En la balsa había vivido una familia durante una semana. Plarr, tropezando sobre los troncos tras el coronel Pérez, admiró la facilidad con que el policía mantenía el equilibrio. Él se sentía cada vez que a punto de caer los troncos se hundían bajo sus pies y se alzaban de nuevo. «Debe de ser como estar de pie sobre un caballo que corre en torno a la pista de un circo», pensó.

—¿Ha hablado usted con la sirvienta? —preguntó el coronel Pérez.

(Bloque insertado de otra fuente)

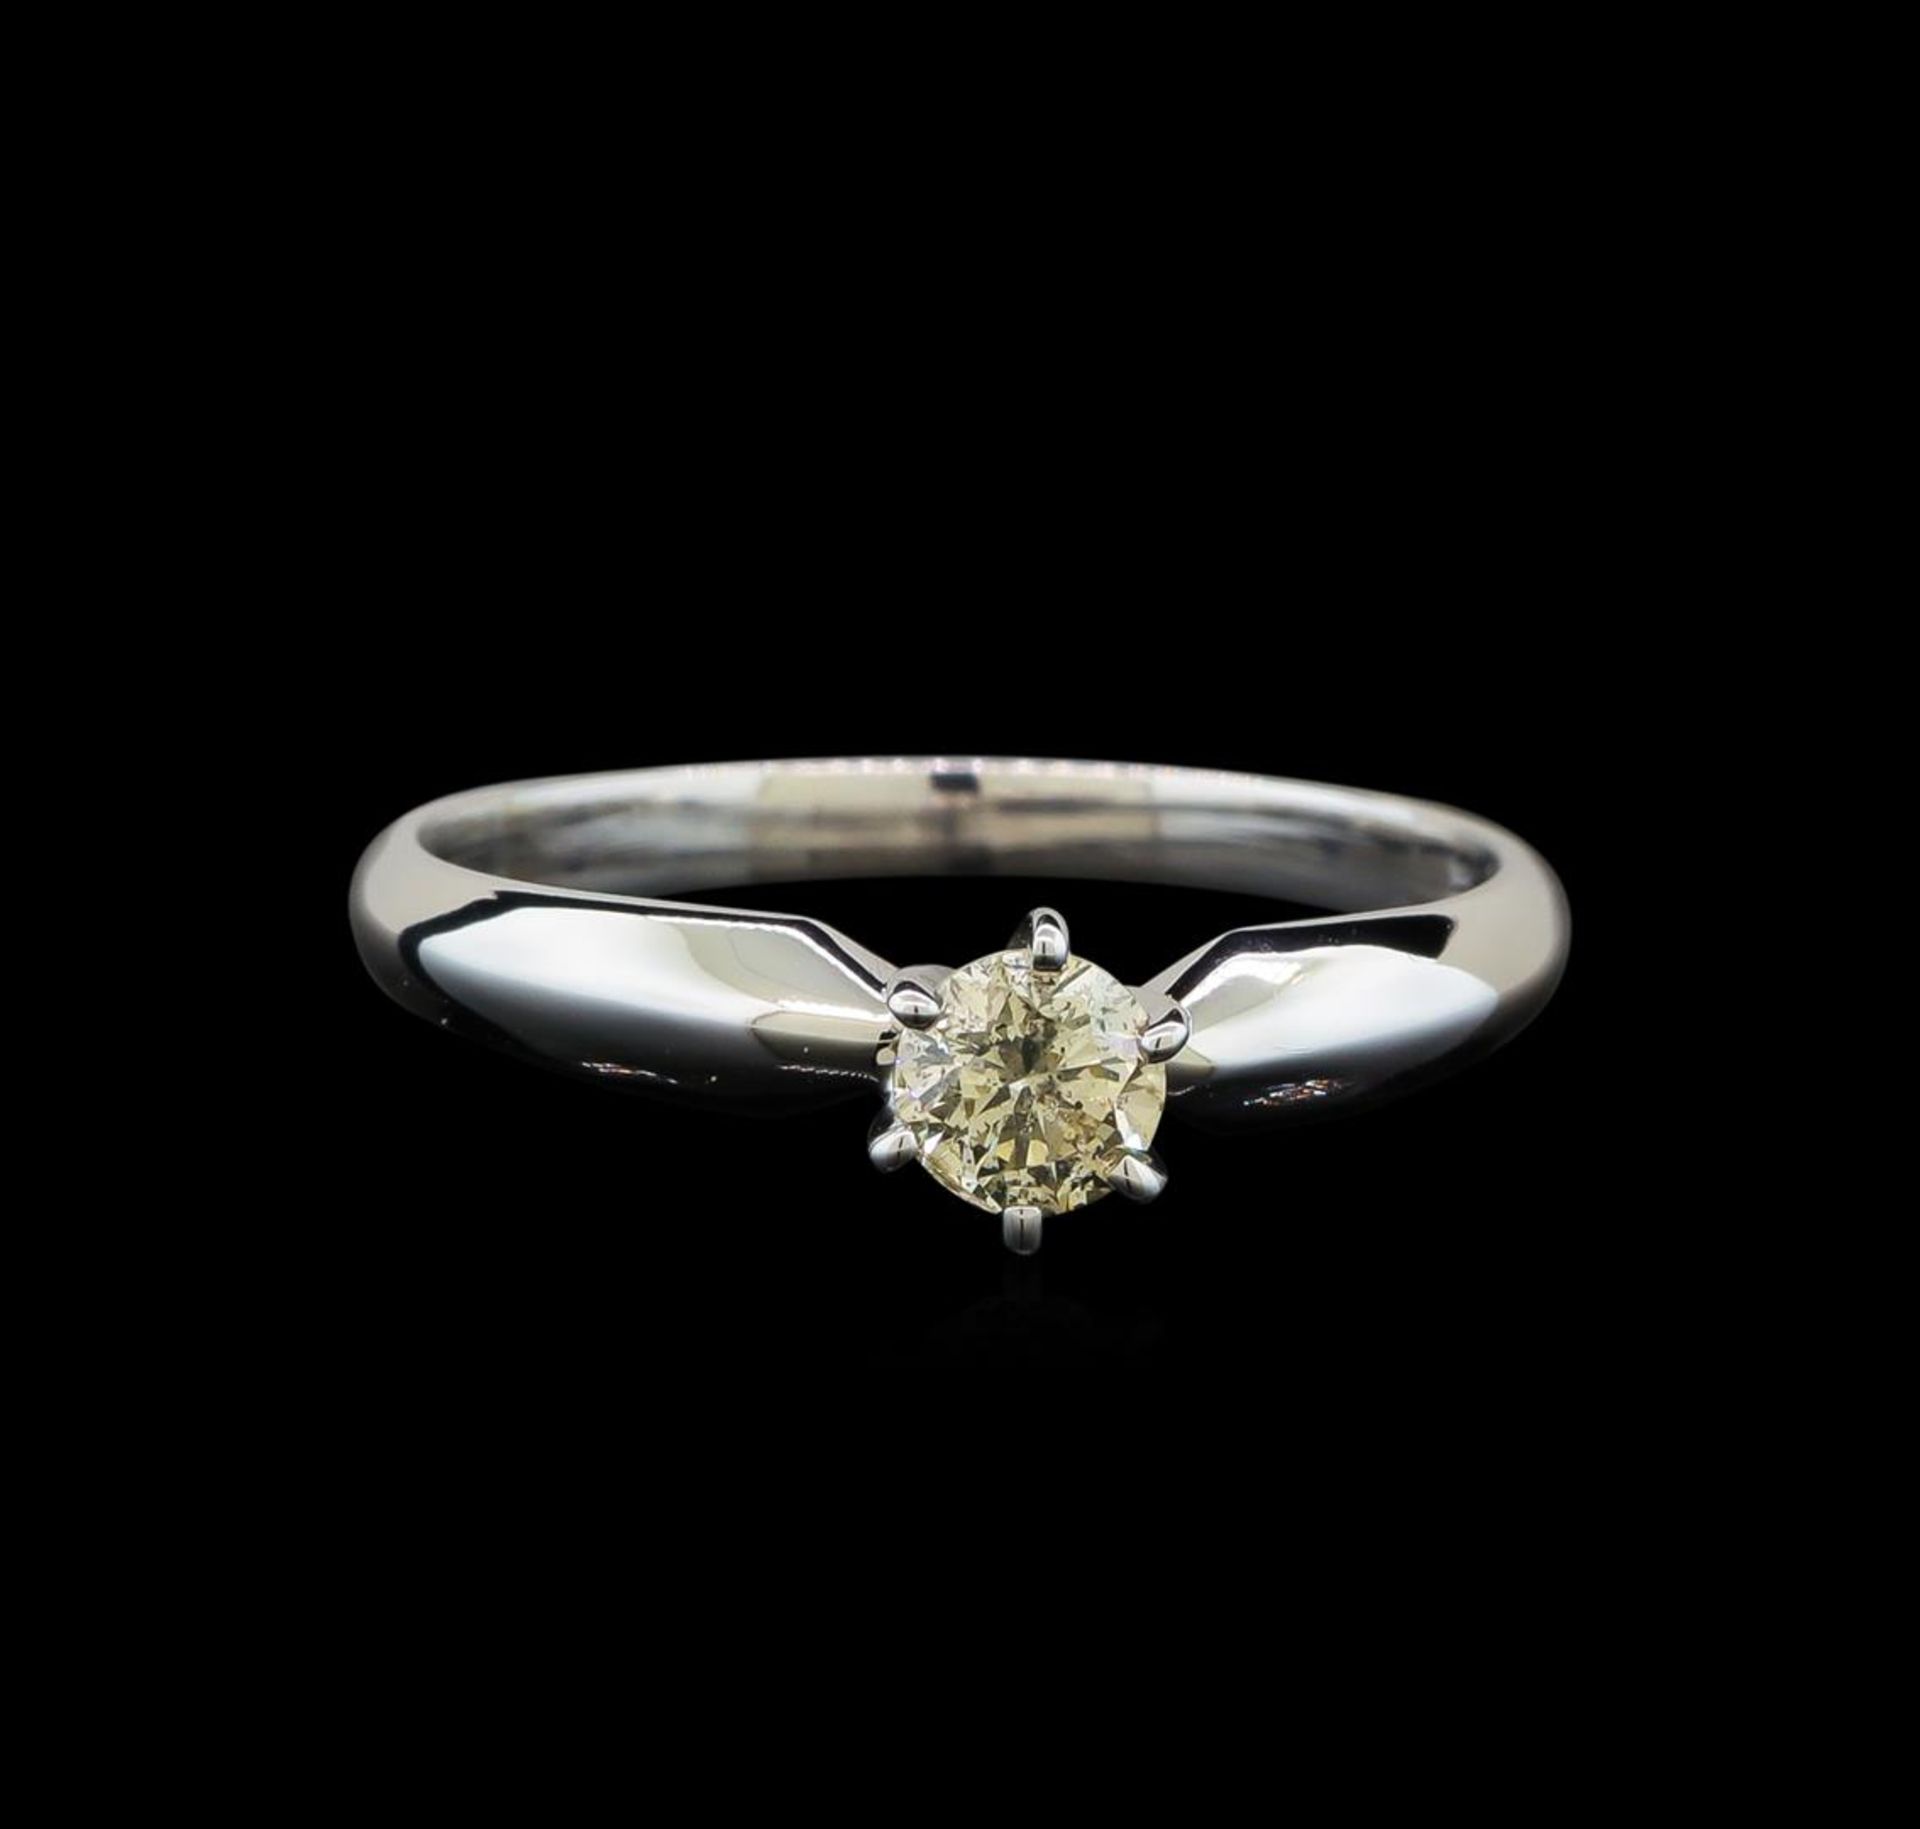 14KT White Gold 0.33 ctw Round Cut Diamond Solitaire Ring - Image 2 of 5

Plarr volvió a reprocharse sus imprudentes mentiras. Era el médico de Clara. Podía haber dicho que era una visita de rutina a una mujer encinta… Una mentira dicha a un policía parecía multiplicarse como los bacilos.

—No. Nadie ha contestado.

El coronel Pérez consideró esa respuesta con un largo silencio. Plarr recordó con qué rapidez y facilidad Pérez caminaba sobre los troncos de la balsa, como si hubieran sido un firme pavimento urbano. Los troncos cubrían la mitad del ancho del río. Un grupo de gente, empequeñecido por la distancia, permanecía en el centro mismo de esta vasta selva horizontal. Pérez y él debían saltar de tronco en tronco para llegar hasta ellos. Cada vez que saltaba, Plarr temía caer en la separación entre los troncos, aunque en general había menos de un metro. Al hundirse los troncos bajo su peso se le habían llenado de agua los zapatos.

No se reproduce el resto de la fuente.